▶ **To do**: Return the data exactly, apart from leaving out the pictures.

▶ **Data block**:
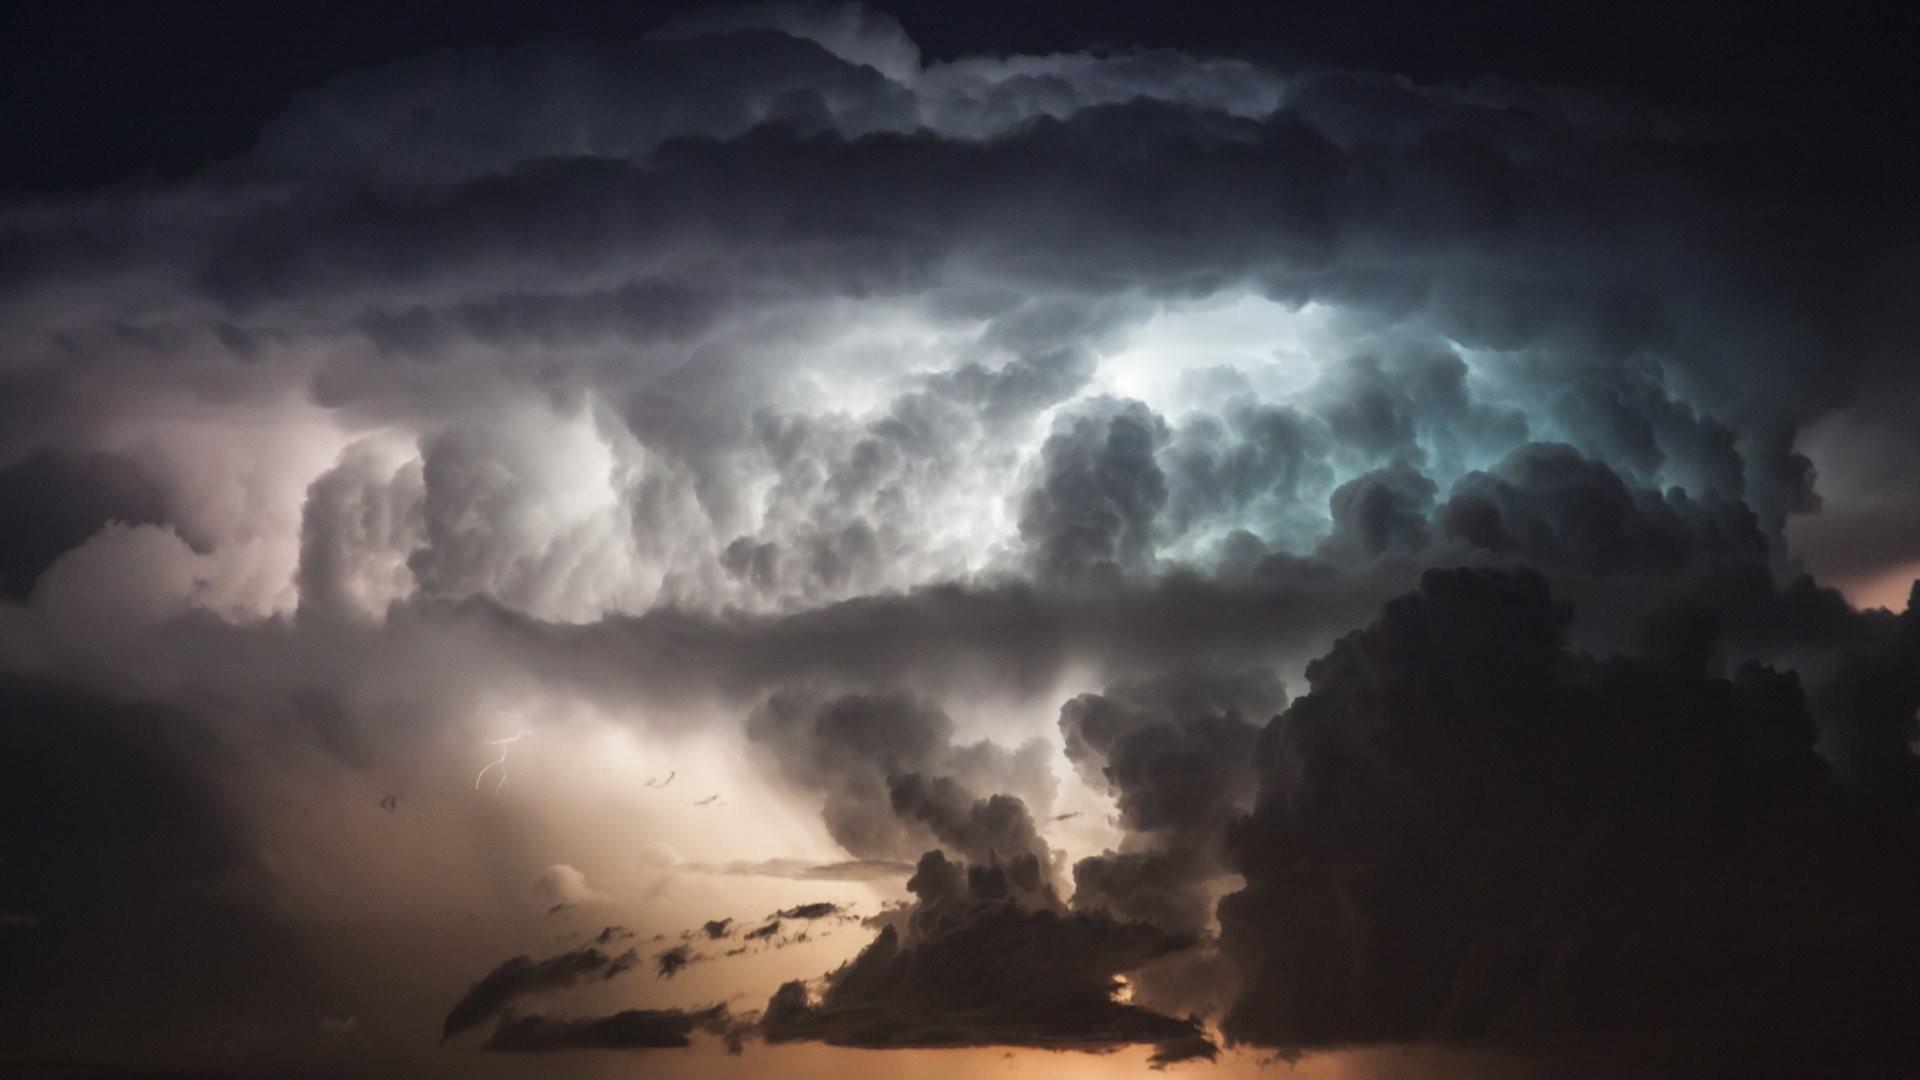 1920x1080, Thunderstorm Wallpaper   Data Id 291433 - Background Pc For Window 10 Thunderstorm - HD Wallpaper
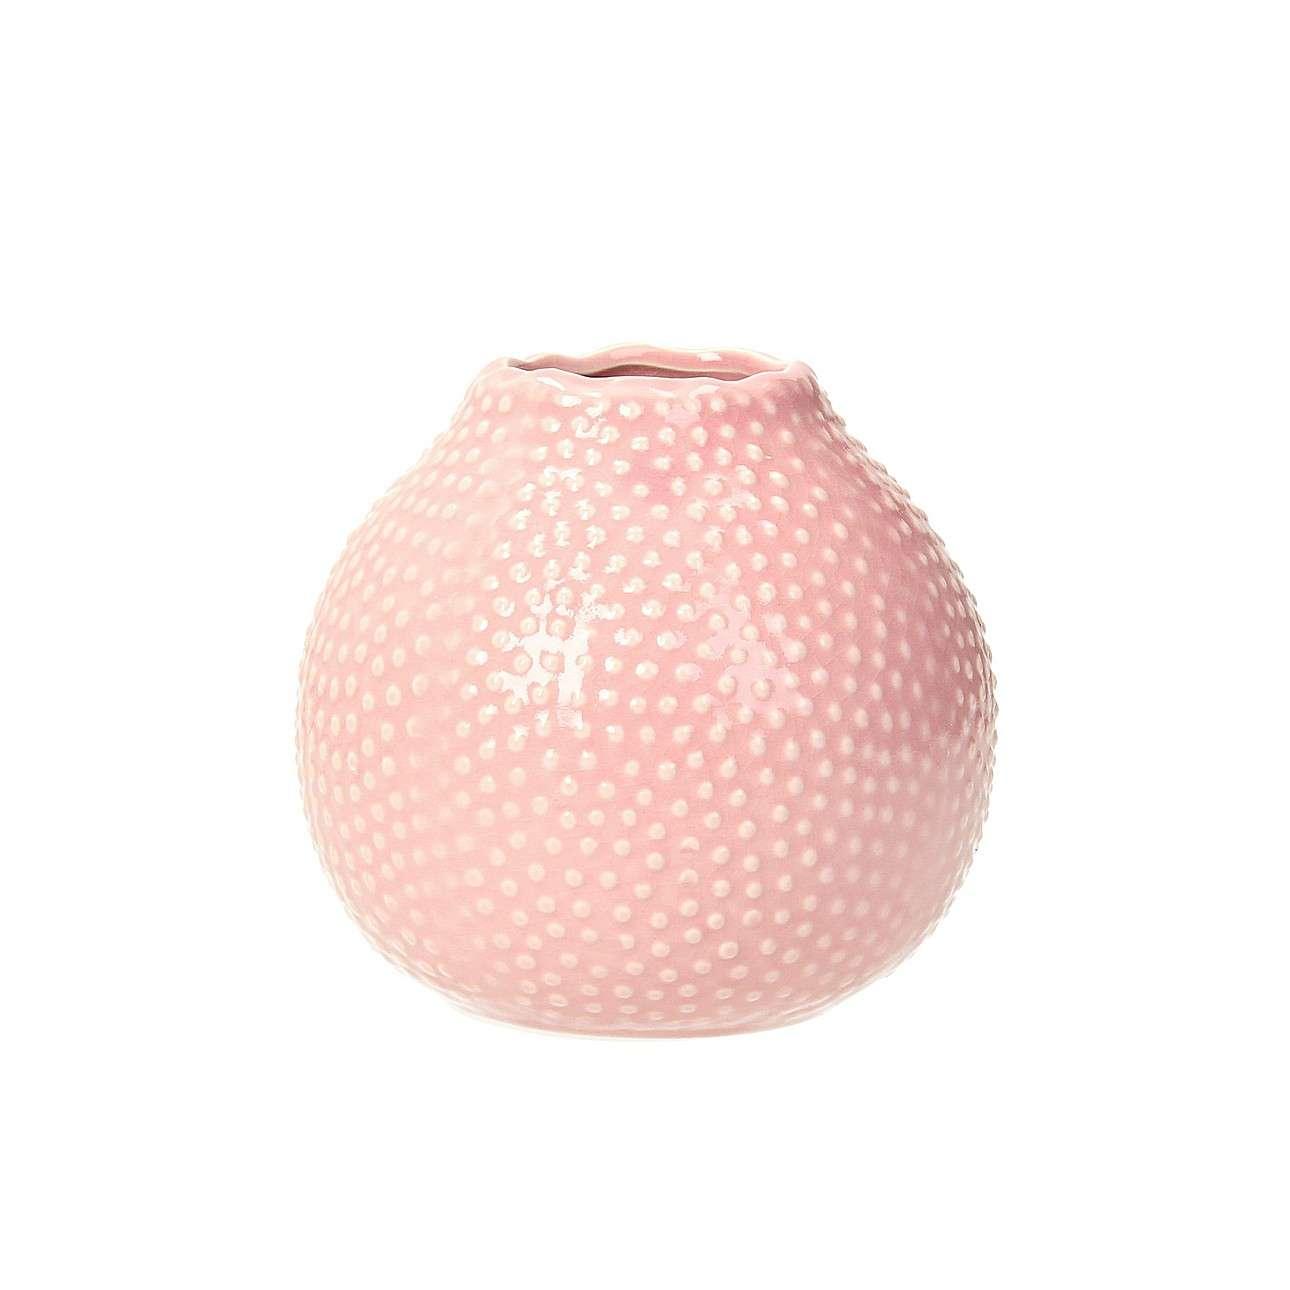 Váza Tessa Pink výška 13cm
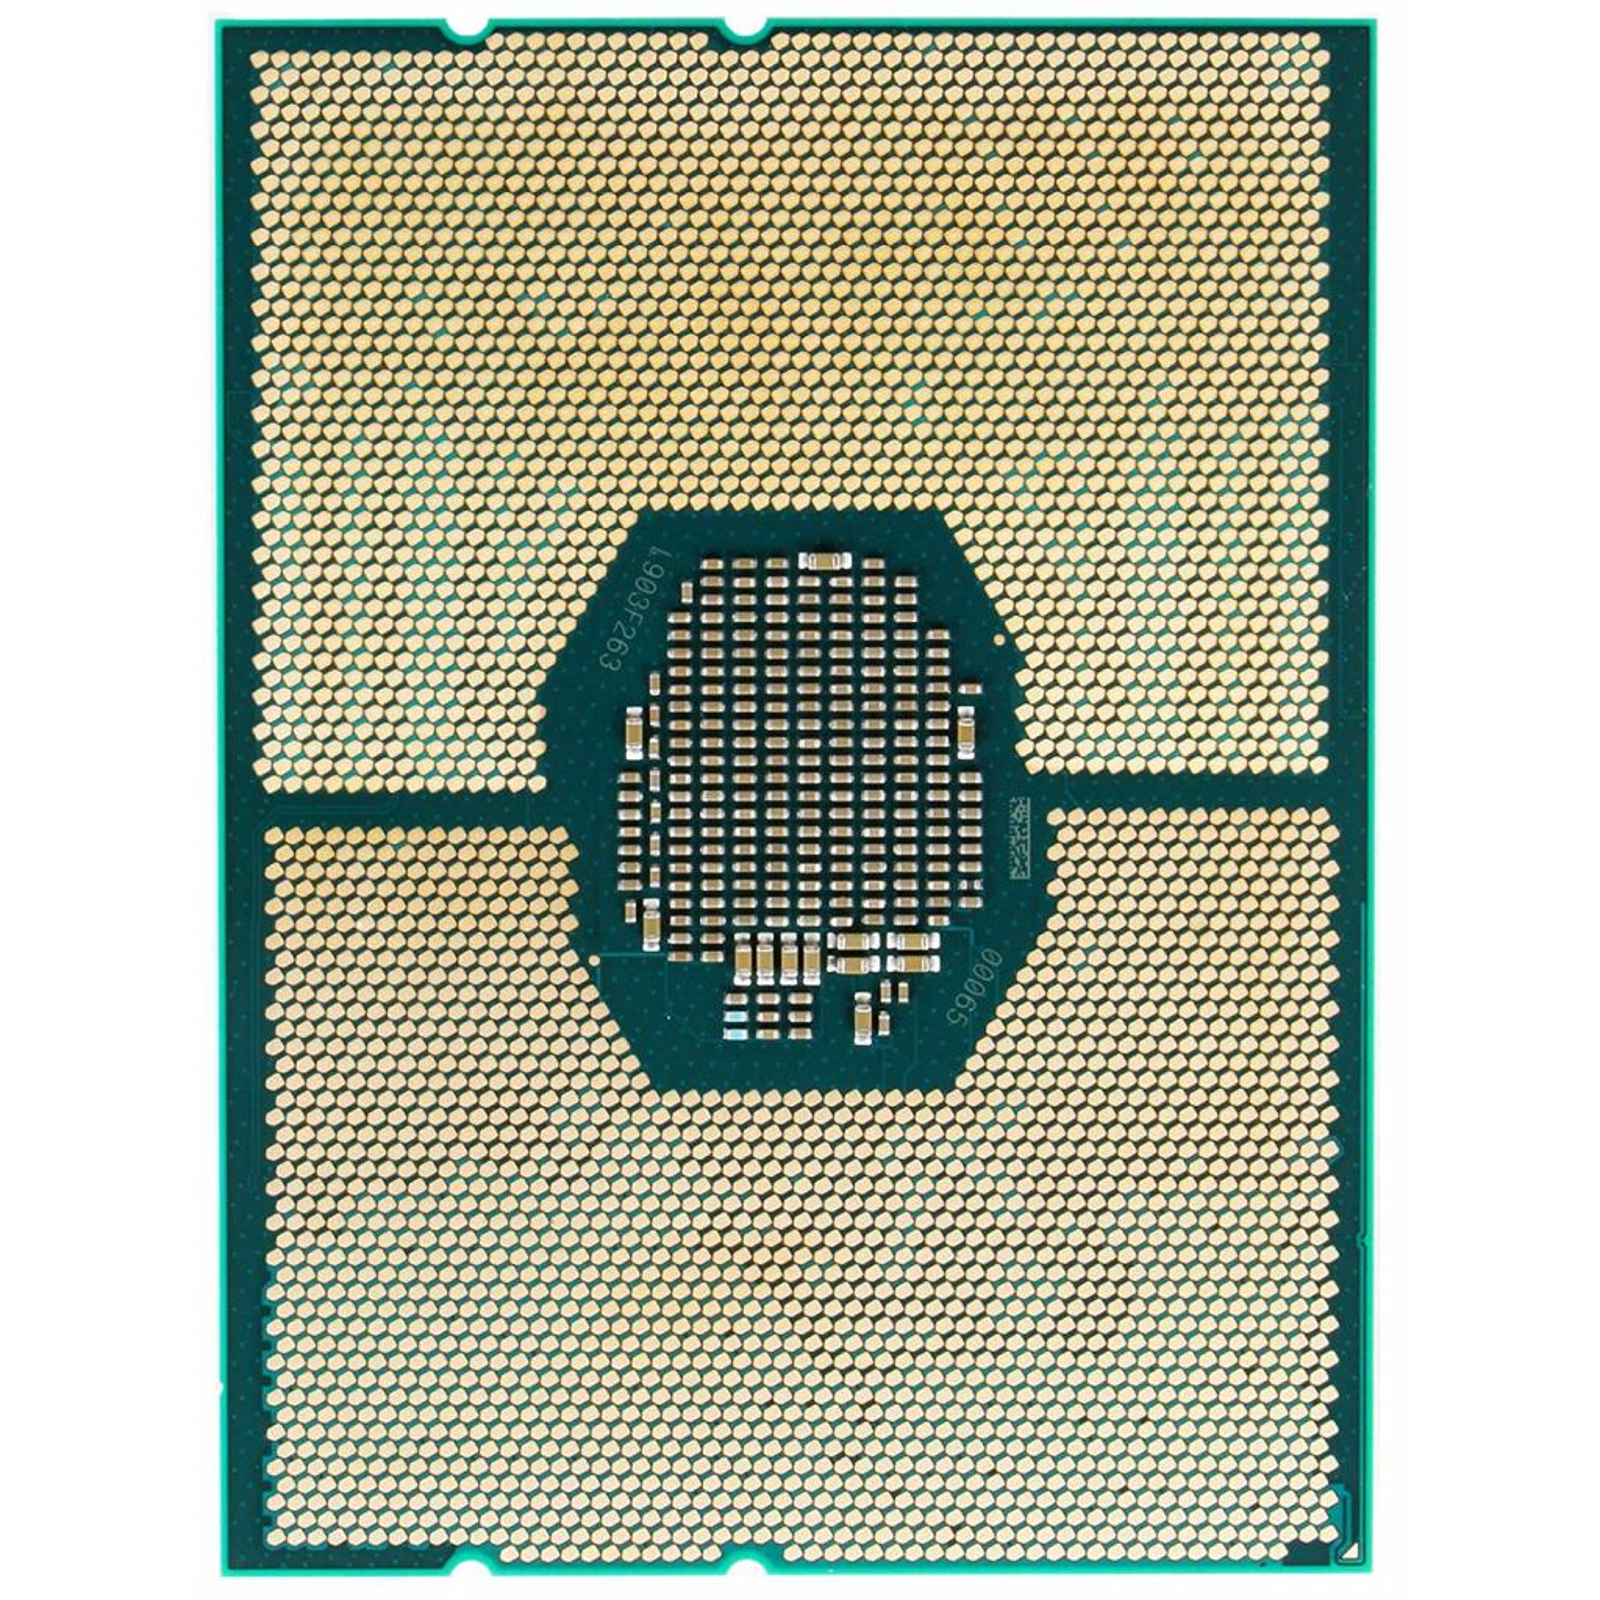 Процессор серверный INTEL Xeon Silver 4114 10C/20T/2.20 GHz/13.75MB/FCLGA3647 Tray (CD8067303561800) изображение 2
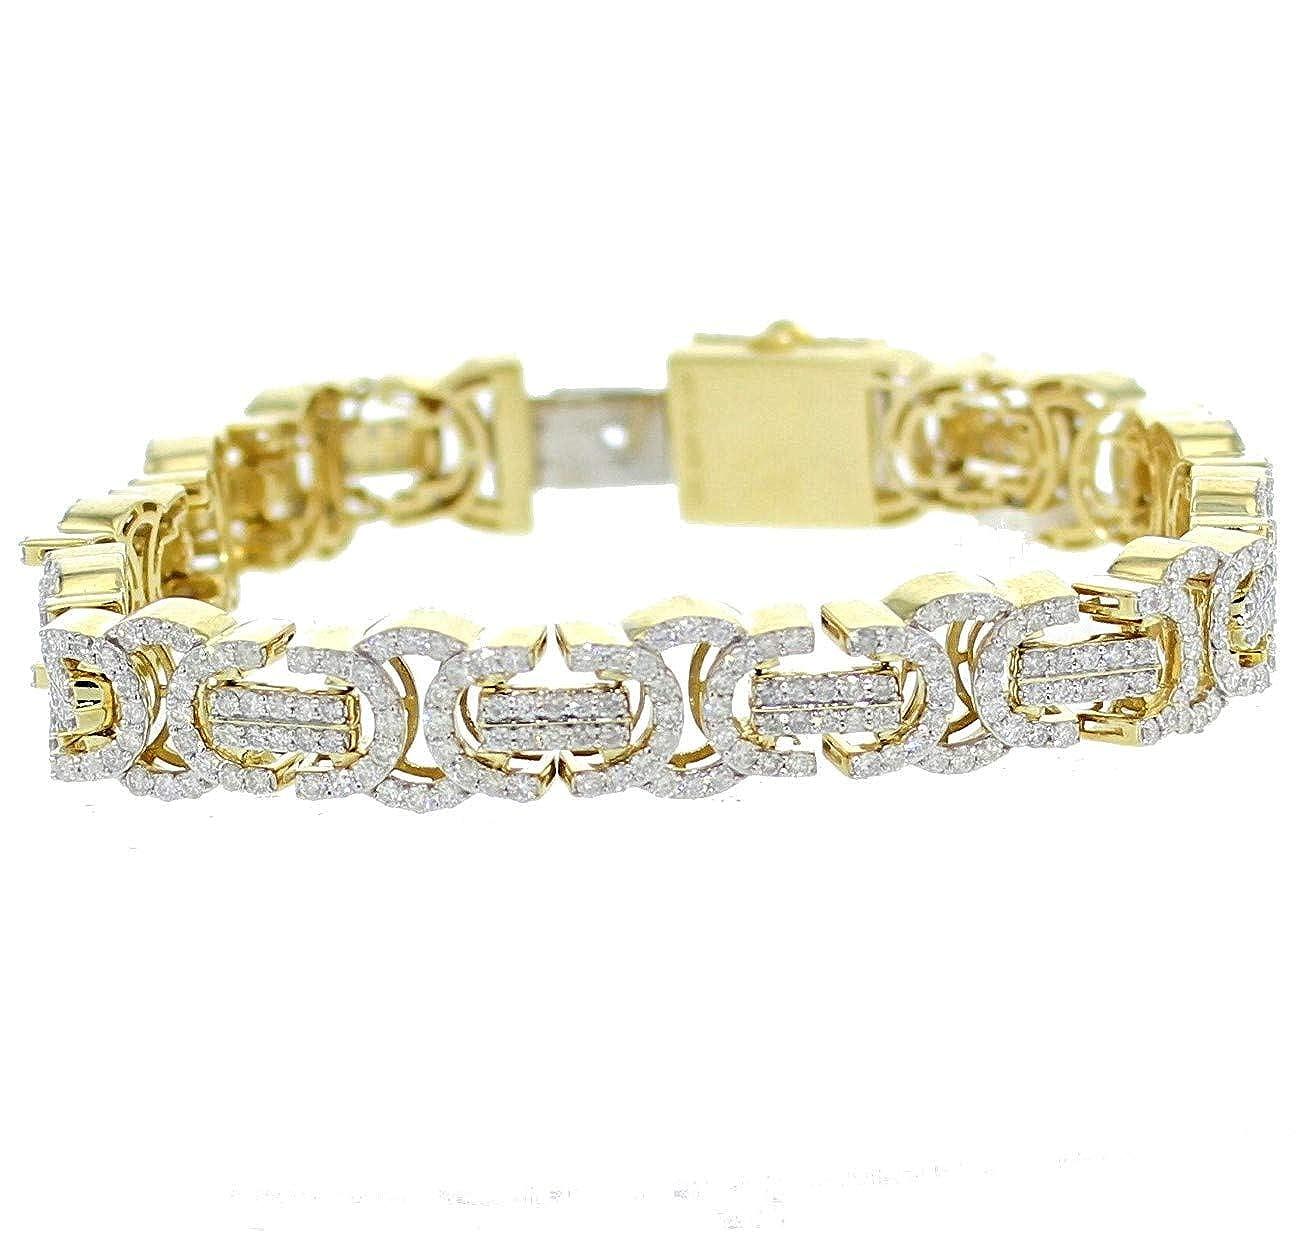 b368c2bb41b80 Amazon.com: Midwest Jewellery 10K Gold Diamond Bracelet Mens 11CTW ...

▶ **Response area**:
 1920x1080, Thunderstorm Wallpaper   Data Id 291433 - Background Pc For Window 10 Thunderstorm - HD Wallpaper
 Váza Tessa Pink výška 13cm
 Процессор серверный INTEL Xeon Silver 4114 10C/20T/2.20 GHz/13.75MB/FCLGA3647 Tray (CD8067303561800) изображение 2
 b368c2bb41b80 Amazon.com: Midwest Jewellery 10K Gold Diamond Bracelet Mens 11CTW ...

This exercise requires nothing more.